Our favorite stop for the day was Pelican Rapids (pop. 1,886). We pulled into town, parked our bikes next to the Explorer when a man came up to us and asked about the Georgia tags. We told him about our ride and talked for about twenty minutes. We soon learned that we were talking with Mr. Arlan Stangeland. Arlan was a Republican congressman from Minnesota (of course) who served from 1977 to 1991. I told him that it seems like congressmen today just seem to lack common sense and asked him what he thought. He told me, "They not only lack common sense but they are power hungry and greedy. Most of them are very rich too. They look out for themselves." I told him that it's not everyday we get to talk to a congressman and thanked him for his time.
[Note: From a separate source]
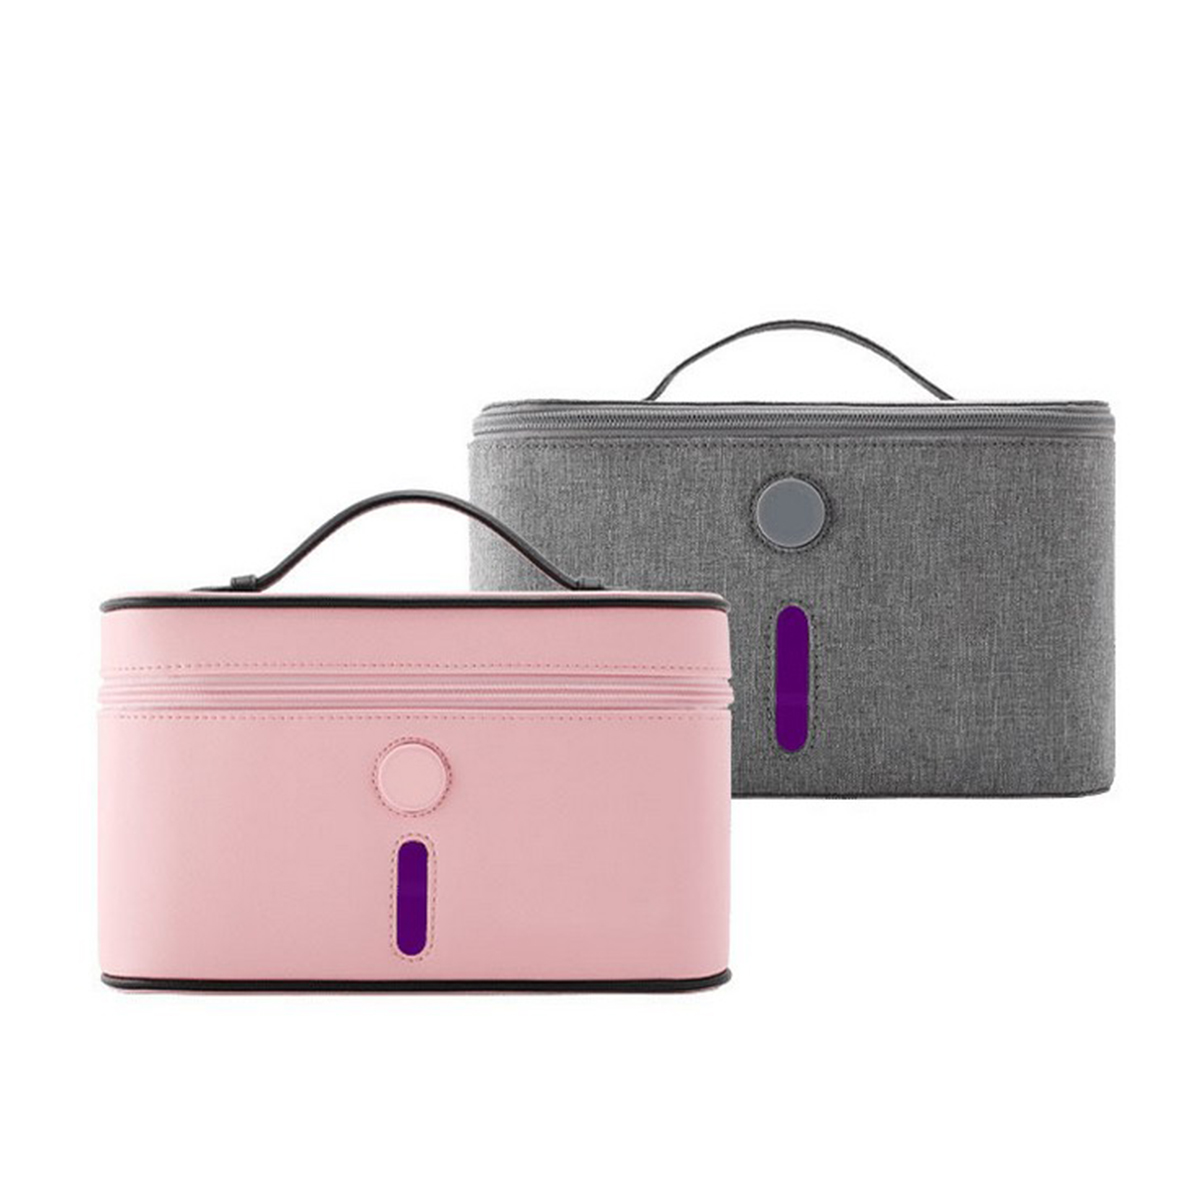 Led Baby Sterilization Bag 13 Lamp UVC Deep UV Disinfection Box UVC Disinfection Bag Sanitizer Kills 99.9% Of Germs
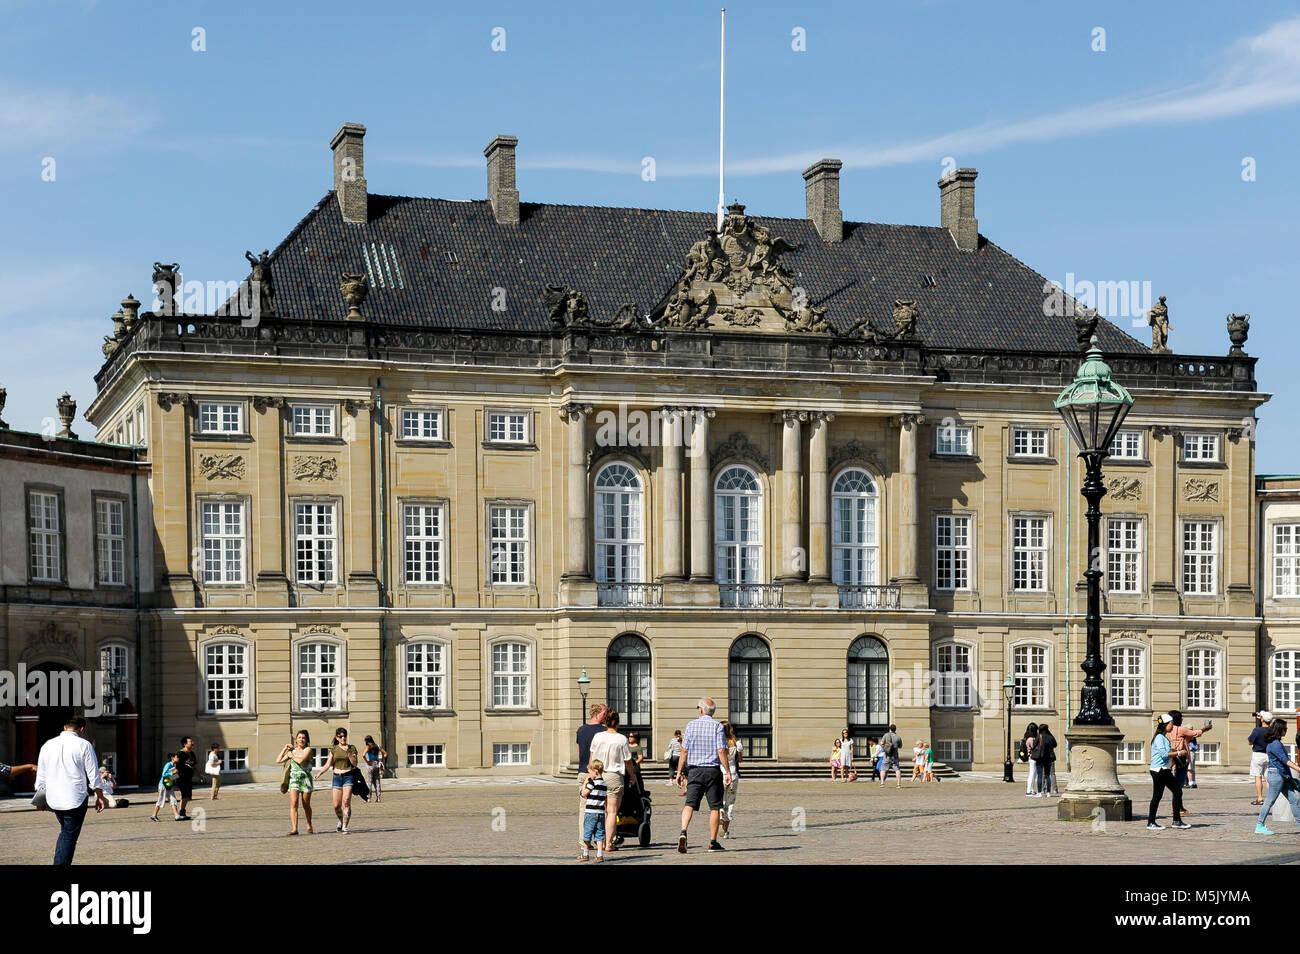 Rococo Christian VIII's Palae or Levetzaus Palae (Christian VIII's Palace or Levetzau's Palace) of Amalienborg Palace, Stock Photo

He said, "That's okay, I just love being with people." After we talked we shook hands and he hopped into his pick-up truck and slowly drove away. I feel like we met a celebrity!
The rest of our stay at Pelican Rapids was spent on the deck of Riverside Coffee, along the Pelican River, in the sunshine, trying to be lazy! It sure worked for me.
It's been a great day. Full of variety, full of the unexpected, full of surprises. God does that. He surprises us from day to day. He always has and he always will. But he does it in his time!
"But when the right time came, God sent his Son, born of a woman, subject to the law. God sent him to buy freedom for us who were slaves to the law, so that he could adopt us as his very own children" (Galatians 4:4). That was a surprise!
"And this is his plan: At the right time he will bring everything together under the authority of Christ -- everything in heaven and on earth" (Ephesians 1:10). That will be a surprise too! 
At the right time . . .

Thursday, May 28, 2009

Pedal Day 24 - MINNESOTA

"A person's words can be life-giving water; words of true wisdom are as refreshing as a bubbling brook."
-Proverbs 18:4

"Pedal up a tilted flat for me."
-Lesley Osborn-Scott

"I think the water's wetter this year . . . and the dirt's dirtier . . . and the snakes are closer to the ground!"
-Donnie Brown, philosopher, motivational speaker, actor, and just a well-rounded person.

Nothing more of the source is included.